Роберт Хирш глядел на меня скептически.

— Считаешь, мы еще на это годимся?

— А почему нет?

— А если годы изгнания безнадежно нас испортили?

— Не знаю. У меня сегодня только первый день обывательского существования, — и то не вполне легального. А значит, я по-прежнему представляю интерес для полиции.

— После войны многие не могут найти себя в мирных профессиях, — проронил Хирш.

— До этого еще дожить надо, — сказал я. — «Ланский катехизис», параграф девятнадцатый: «Заботы о завтрашнем дне ослабляют рассудок сегодня».

— Что тут происходит? — спросил я Мойкова, войдя вечером в плюшевый будуар.

— Катастрофа! Рауль! Наш самый богатый постоялец! Апартаменты люкс, с гостиной, столовой, личной мраморной ванной и телевизором в спальне! Решил покончить с собой!

— И давно?

— Сегодня после обеда. Когда он потерял Кики. Друга, с которым Рауль жил четыре года.

Где-то между полкой с цветами в горшках и пальмой в кадушке раздался громкий, душераздирающий всхлип.

— Что-то уж больно много в этой гостинице плачут, — сказал я. — И все больше под пальмами.

— В каждой гостинице много плачут, — заметил Мойков.

— И в «Рице» тоже?

— В «Рице» плачут, когда происходит биржевой крах. а и нас — когда человек вдруг в одночасье понимает, что он безнадежно одинок, хотя раньше так не думал.

— Но ведь с тем же успехом этому можно радоваться. Даже отпраздновать свою свободу.

— Или свою бессердечность.

— А что, этот Кики умер?

— Хуже! Заключил помолвку. С женщиной! Вот где для Рауля главная трагедия. Если бы Кики обманул его с другим homo, это осталось бы в семье. Но с женщиной! Переметнуться в лагерь вечного врага! Это же предательство! Все равно что против святого духа согрешить!

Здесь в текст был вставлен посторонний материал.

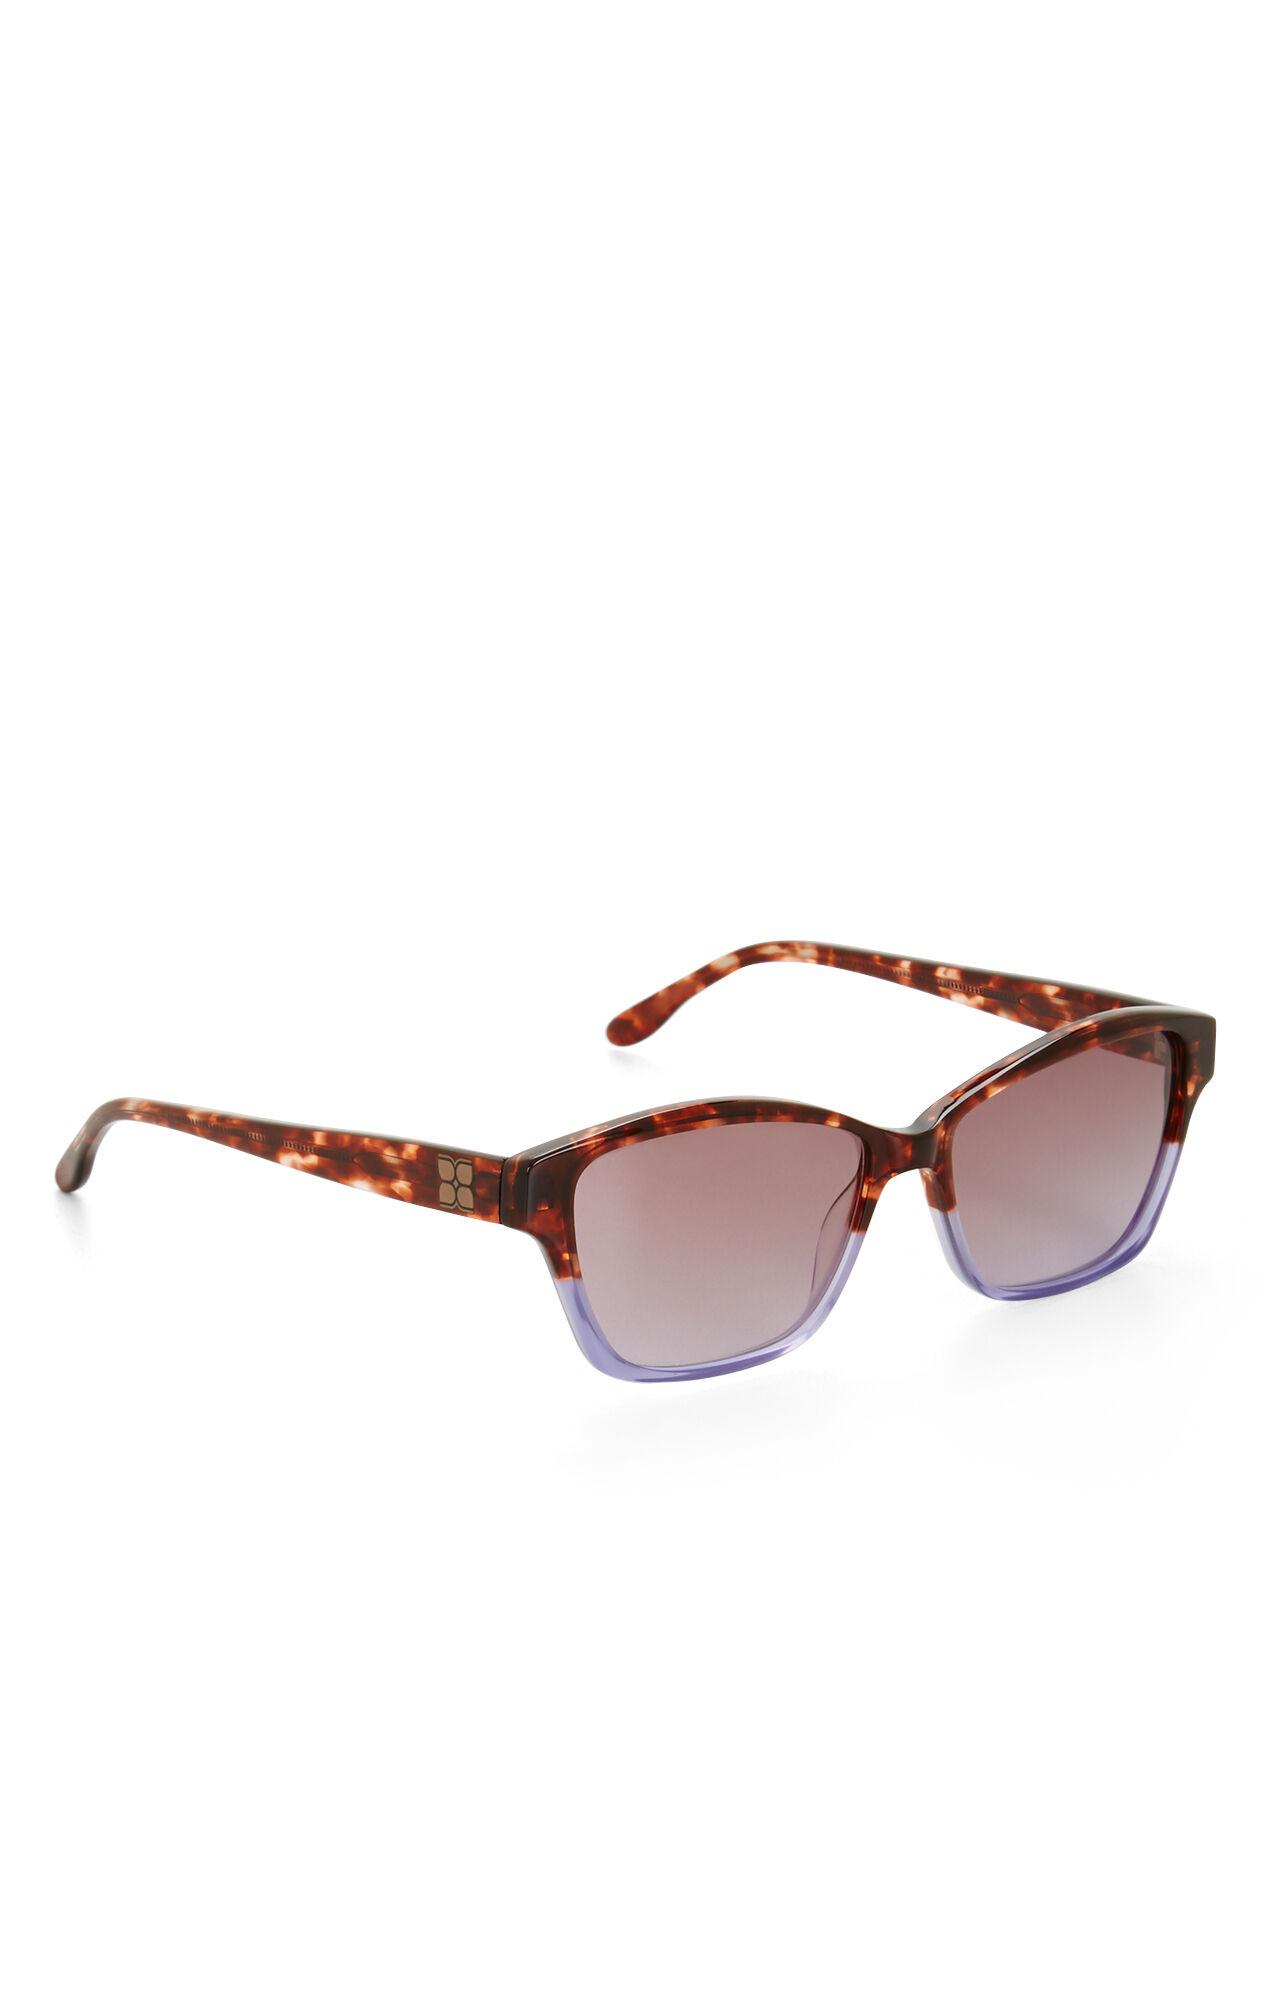 Spirited Sunglasses

— Вот бедолаги! Им же вечно приходится воевать на два фронта. Отражать конкуренцию мужчин и женщин.

Мойков ухмыльнулся.

— Насчет женщин Рауль одарил нас тут не одним интересным сравнением. Самое незамысловатое было — тюлени без шкурок. И по поводу столь обожаемого в Америке украшения женщины — пышного бюста — он тоже высказывался. Трясучее вымя млекопитающих выродков — это еще самое мягкое. И лишь только он представит своего Кики прильнувшим к такому вымени — ревет, как раненый зверь. Хорошо, что ты пришел. Тебе к катастрофам не привыкать. Надо отвести его в номер. Не оставлять же его здесь в таком виде. Поможешь мне? А то он весит больше центнера.

Мы пошли в угол к пальмам.

— Да вернется он, Рауль! — начал Мойков увещевающим тоном. — Возьмите себя в руки! Завтра все наладится. Кики к вам вернется.